Beer Law, or Beer-Lambert Law is the relationship between absorbance and concentration of an absorbing specimen. Applying Beers Law can be used to determine a solutes absorption peek, and to plot the absorption spectrum on what is known as a Beers Law plot or curve. The procedure to find the absorption spectrum of cobalt chloride uses a Beers Law and spectrophotometry. The spectrophotometer used specifically to this experiment is the spcectronic 20. As with any experiment, a control is needed to base the experiment on.

In this case, distilled water will be used as the control. A cuvette, which is a small plastic container used in the instrument to hold the solution, is filled with distilled water. The cuvette is then place in the sample holder. At this time the machine should be set at 400nm, and at this wavelength the transmittance should read 100%. If the instrument does not read 100%T, the instrument needs to be blanked, or adjusted accordingly, until 100%T is achieved. Once the control is achieved, the absorption level of cobalt chloride can know be determined.

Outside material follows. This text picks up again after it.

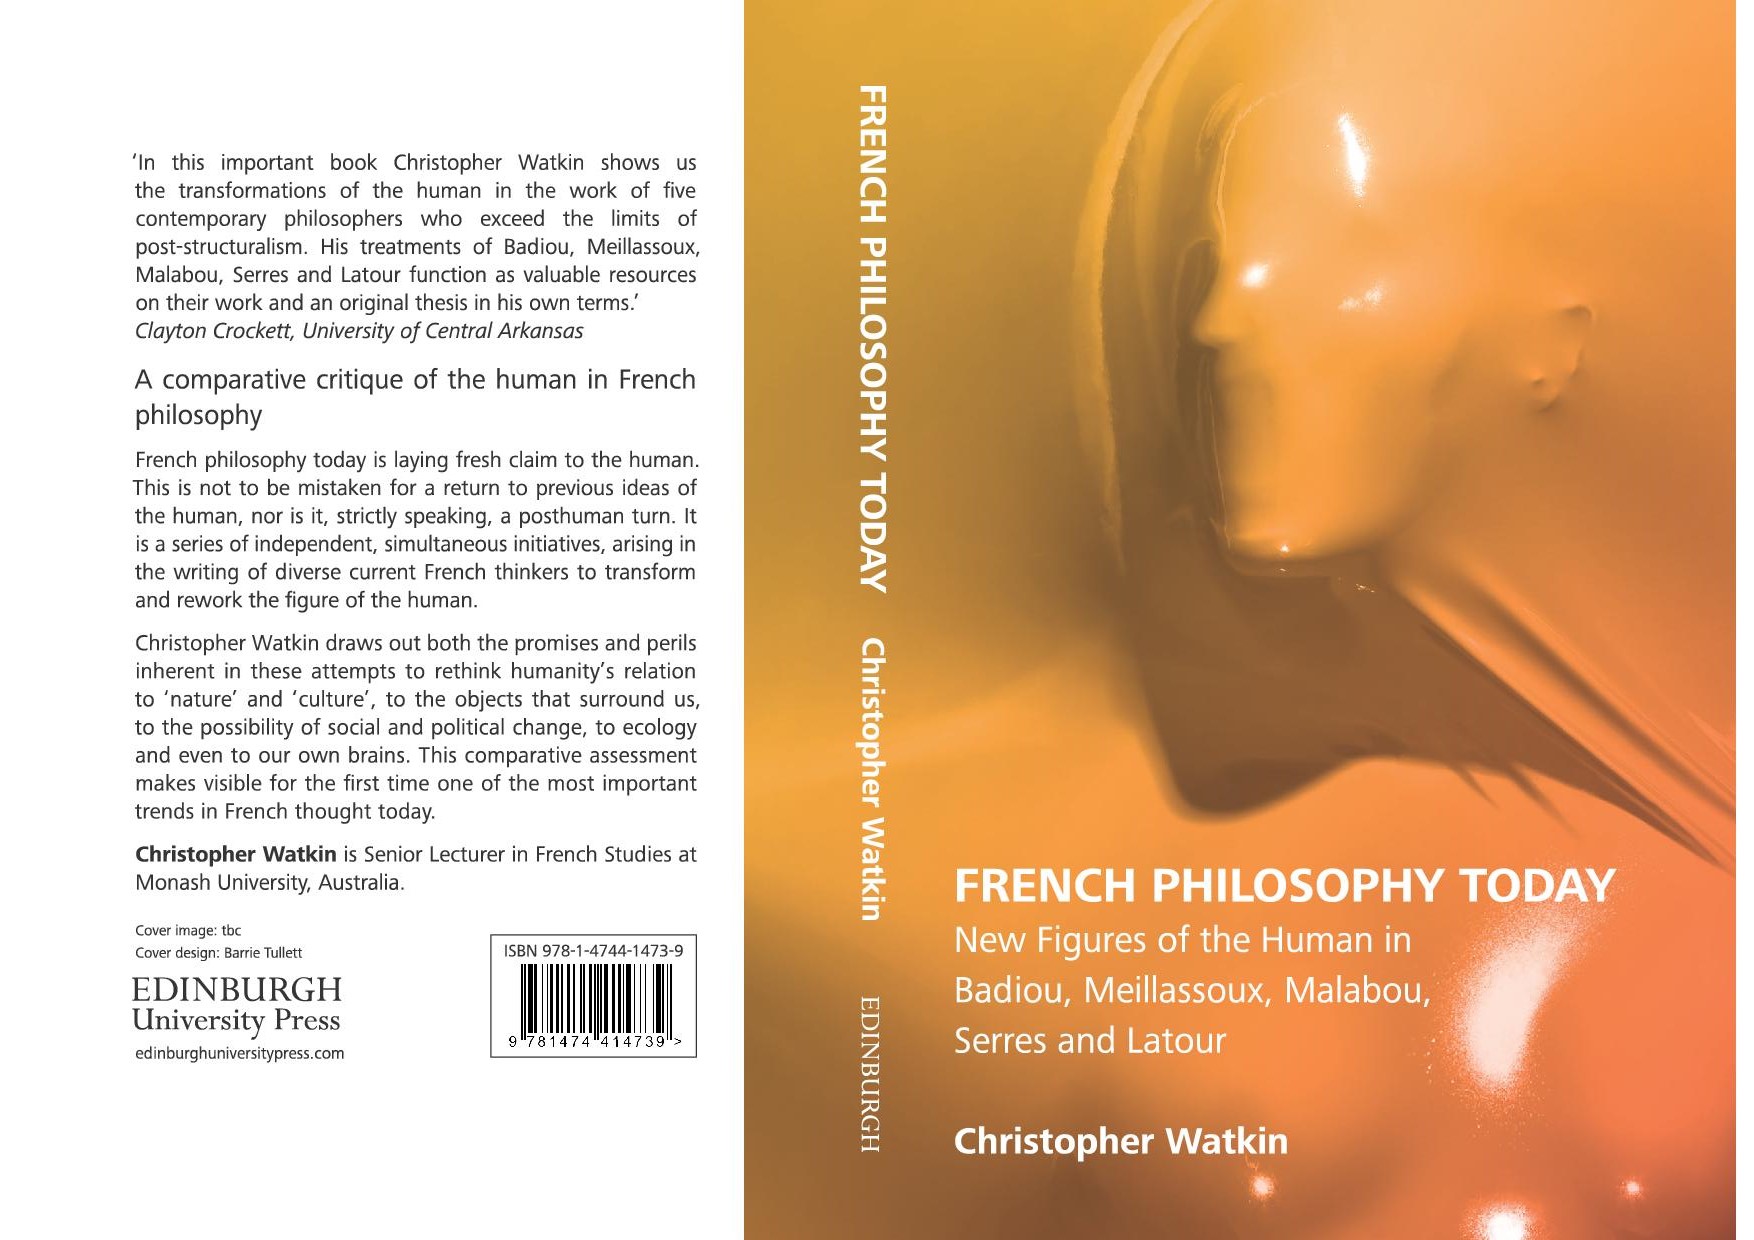 French Philosophy Today, First Cover Proof1

Taking a clean cuvette, adding around 6ml of cobalt chloride to it, it is placed in the machine and the wavelength is kept at 400nm. According to the data the spectrophotometer reads, the optical density of cobalt chloride at a wavelength of 400nm is 0.03100. Once this information is recorded, the cuvette of cobalt chloride is removed. The machine is then set to 410nm, and the control cuvette of distilled water is placed back in the machine. The machine is then re-blanked, being sure that it reads 100%T.

Remove the cuvette of distilled water and place the cuvette of cobalt chloride in the machine. At 410nm, the optical density of cobalt chloride is 0.043000, and this information is recorded. The above procedure is repeated continually, at wavelength settings that are at 10nm intervals. For example, next would be 420nm, then 430nm, and so on. It is very important to be sure to re-blank the spectrophotometer after every change of wavelength.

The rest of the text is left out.